Многие курили, в воздухе можно было топор вешать. Пахло перегаром и нечистой одеждой. Дети кашляли. Женщины шушукались, хихикали. Мужчины басили. Старики кряхтели. Бабки потирали себе поясницы, кутались в оренбуржские платки. Были и пьяные. Эти городили чушь, хватали за руки, приставали, пытались что-то объяснить. Их вежливо успокаивали. Иван и Митрофан раздавили под парад свой первый «пузырь» – бутылку Московской. Закусывали ржаным хлебом, переложенным розоватым салом и маринованными чесночными головками. Сало привезла несколько месяцев назад мать Митрофана, приехавшая повидать сына и отовариться. Уговаривала сына бросить эту Москву и вернуться в их поселок: «Сынок, ты мое единственное утешение, пропадешь ты в этом вертепе. Сколько можно тут на боку валяться? Я тебе и невесту присмотрела. Такая стройнюшенька, Сонечка Простова, помнишь напротив нас, в бараке бабка Простуха жила? Которая в корыте утонула. Дразнили ее еще уткой дохлой. Ее внучка».
Митрофан отвечал матери: «Ну, маа… Чего тыы…»
Маринованный чеснок покупал Иван на Черемушкинском рынке у знакомого грузина Мамука, продавца и известного бизнесмена, хозяина подпольного игорного заведения, необыкновенно породистого человека с тонкими старомодными черными усиками над синеватыми губами, называющего себя карабахским князем. Под белым халатом князь носил кольчугу и небольшой кинжал. Иван говорил про него так: «Во, Мамук-Карабах! Тоже ведь чурка, а миллионер! Жукастый. Без эмоциев пацан. Зарезать может».
Игорный дом Мамука помещался тогда в гостинице при рынке, а до этого – в деревянной избе.
Избу эту игорную я прекрасно помню. Стояла она недалеко от рынка до начала семидесятых годов. Вечерами и ночами в ней резались в карты непонятные нам, детям окрестных домов, люди. К избе этой было опасно подходить – оттуда могли выстрелить. Ночами окна избы светились оранжевыми огнями, за тяжелыми кремовыми занавесками мелькали тени, из избы доносилась неприятная глухая восточная музыка. Милиция – и рыночная и окрестная была куплена на корню и к избе и близко не подходила. Однажды в избе убили какого-то человека средних лет. Труп его, не мудрствуя лукаво, выбросили в окошко. Целый день на его залитые кровью седые волосы глазели с безопасного расстояния прохожие и мальчишки.

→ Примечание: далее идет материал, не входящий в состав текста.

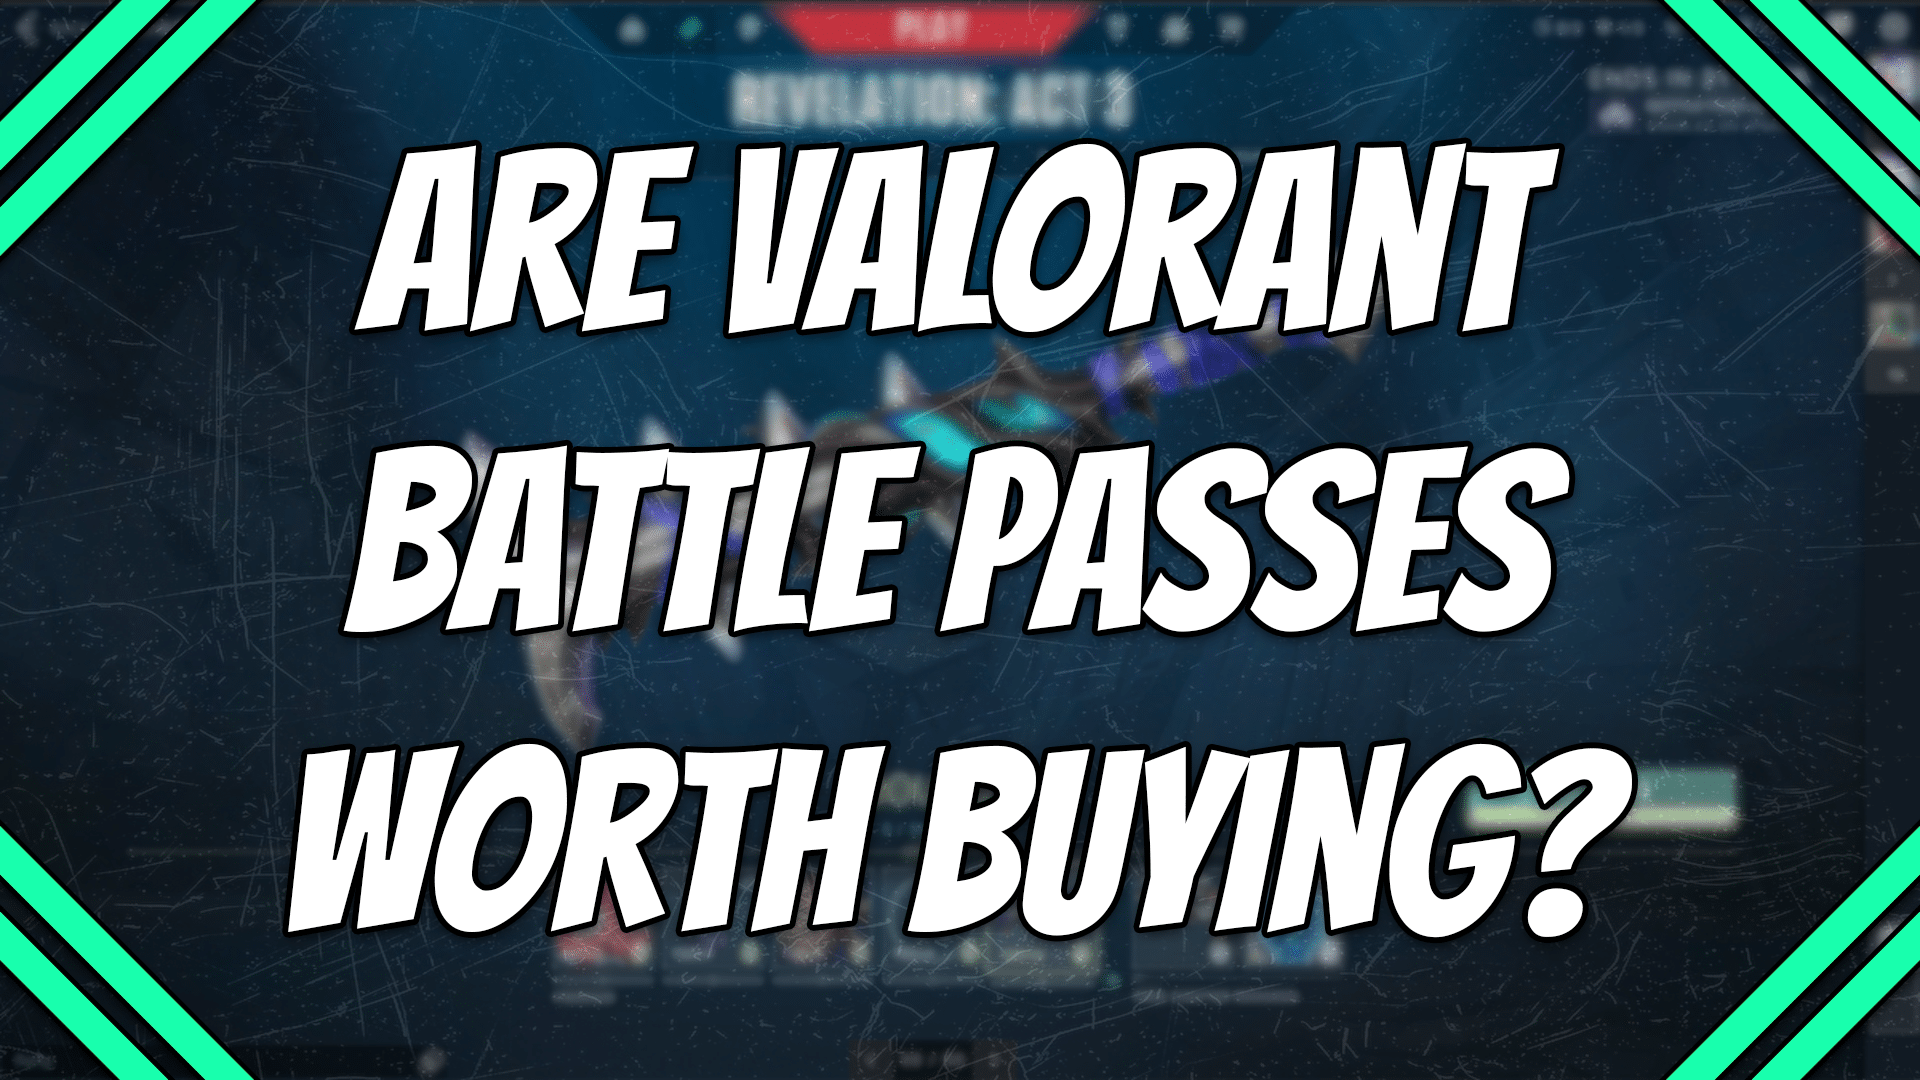 Total Battle - FREE Valor points bonus! (y), share and get
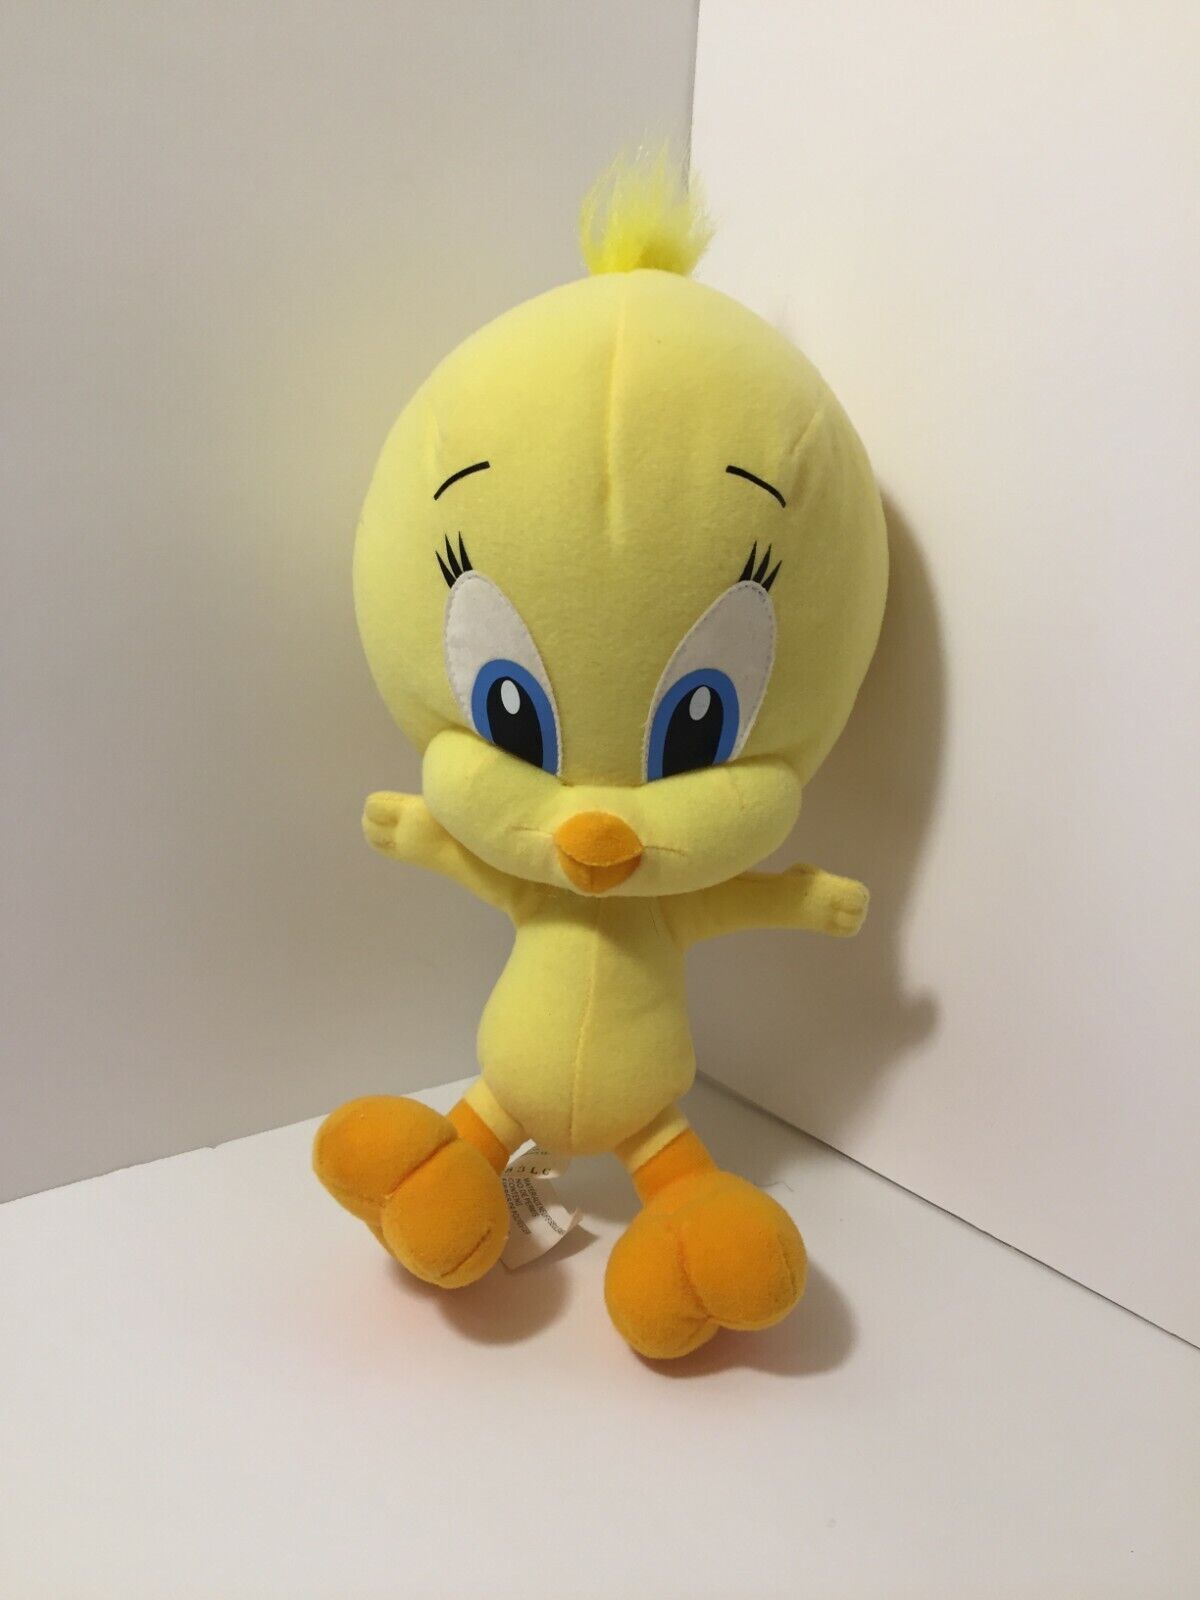 Fisher-Price Tweety Bird Stuffed Animal Plush Toy Bedtime Lovey 2002 Mattel - $7.76

Только к вечеру приехали скорая помощь и милиция и забрали мертвое тело. В избу санитары и милиционеры даже не зашли.
…
События, показываемые на экране телевизора, общежитская публика комментировала вяло.
Когда генерал армии Говоров доложил о построении участников парада маршалу Устинову и камера показала толпу ветеранов с медалями, кто-то заметил горько: «Ветеринары». Так в те времена дразнили иногда ветеранов Великой Отечественной Войны. Иван говорил в сердцах: «Ветеринар сам не работает, другим работать не дает. И ворует. Без эмоциев».
Устинов объехал войска. У каждого подразделения прорычал свое поздравление. Казалось, что военные отвечали ему громоподобным лаем. Заиграли фанфары. Камера показала крупным планом портрет Ленина. Кто-то не удержался и брякнул: «Лысый хер!»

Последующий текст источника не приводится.